Группа из девяти мужчин стоит на залитом солнцем балконе.

Учитывая, сколько денег вливается в стартапы в области ИИ, сейчас самое время стать исследователем ИИ, у которого есть идея для тестирования. И если идея достаточно оригинальна, вам может быть проще получить необходимые ресурсы, работая независимой компанией, а не в одной из крупных лабораторий.

Такова история Inception, стартапа, разрабатывающего модели искусственного интеллекта на основе диффузии, который только что привлек $50 млн посевного финансирования под руководством Menlo Ventures при участии Mayfield, Innovation Endeavors, фонда Microsoft M12, Snowflake Ventures, Databricks Investment и венчурного подразделения Nvidia NVentures. Эндрю Нг и Андрей Карпати предоставили дополнительное финансирование от бизнес-ангелов.

Руководителем проекта является профессор Стэнфордского университета Стефано Эрмон, чьи исследования сосредоточены на моделях диффузии, которые генерируют результаты посредством итеративного уточнения, а не пословного перевода. Эти модели лежат в основе систем ИИ на основе изображений, таких как Stable Diffusion, Midjourney и Sora. Работая над этими системами ещё до того, как бум ИИ сделал их столь интересными, Эрмон использует Inception для применения тех же моделей к более широкому спектру задач.

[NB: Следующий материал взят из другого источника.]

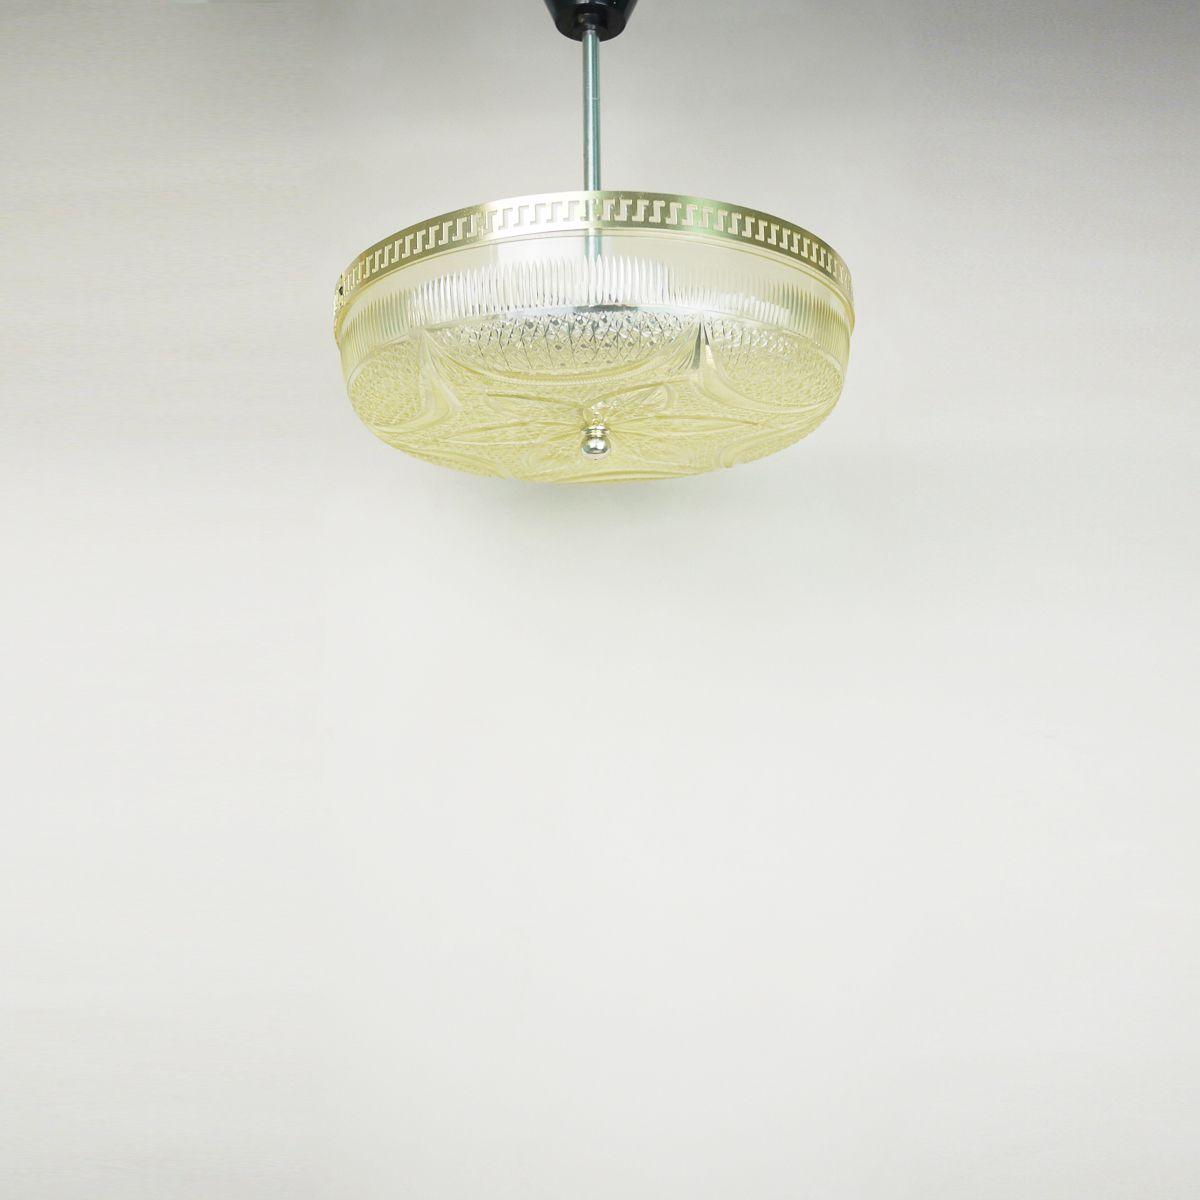 Hängelampe aus Acrylglas in Kristall-Optik, 1970er

Вместе с финансированием компания выпустила новую версию своей модели Mercury, предназначенную для разработки программного обеспечения. Mercury уже интегрирована в ряд инструментов разработки, включая ProxyAI, Buildglare и Kilo Code. Что самое важное, по словам Эрмона, диффузионный подход поможет моделям Inception сэкономить по двум важнейшим показателям: задержке (времени отклика) и стоимости вычислений.

«Эти программы магистратуры магистратуры, основанные на диффузии, гораздо быстрее и эффективнее тех, что разрабатывают все остальные сегодня», — говорит Эрмон. «Это просто совершенно другой подход, который позволяет реализовать множество инноваций».

Для понимания технических различий требуется небольшая предварительная информация. Модели диффузии структурно отличаются от моделей авторегрессии, которые доминируют в текстовых ИИ-сервисах. Модели авторегрессии, такие как GPT-5 и Gemini, работают последовательно, предсказывая каждое следующее слово или фрагмент слова на основе ранее обработанного материала. Модели диффузии, обученные для генерации изображений, используют более целостный подход, постепенно изменяя общую структуру ответа до достижения желаемого результата.

Традиционно для текстовых приложений используют модели авторегрессии, и этот подход оказался чрезвычайно успешным для последних поколений моделей ИИ. Однако всё больше исследований показывают, что модели диффузии могут работать эффективнее, когда модель обрабатывает большие объёмы текста или управляет ограничениями данных. Как отмечает Эрмон, эти качества становятся реальным преимуществом при выполнении операций с большими кодовыми базами.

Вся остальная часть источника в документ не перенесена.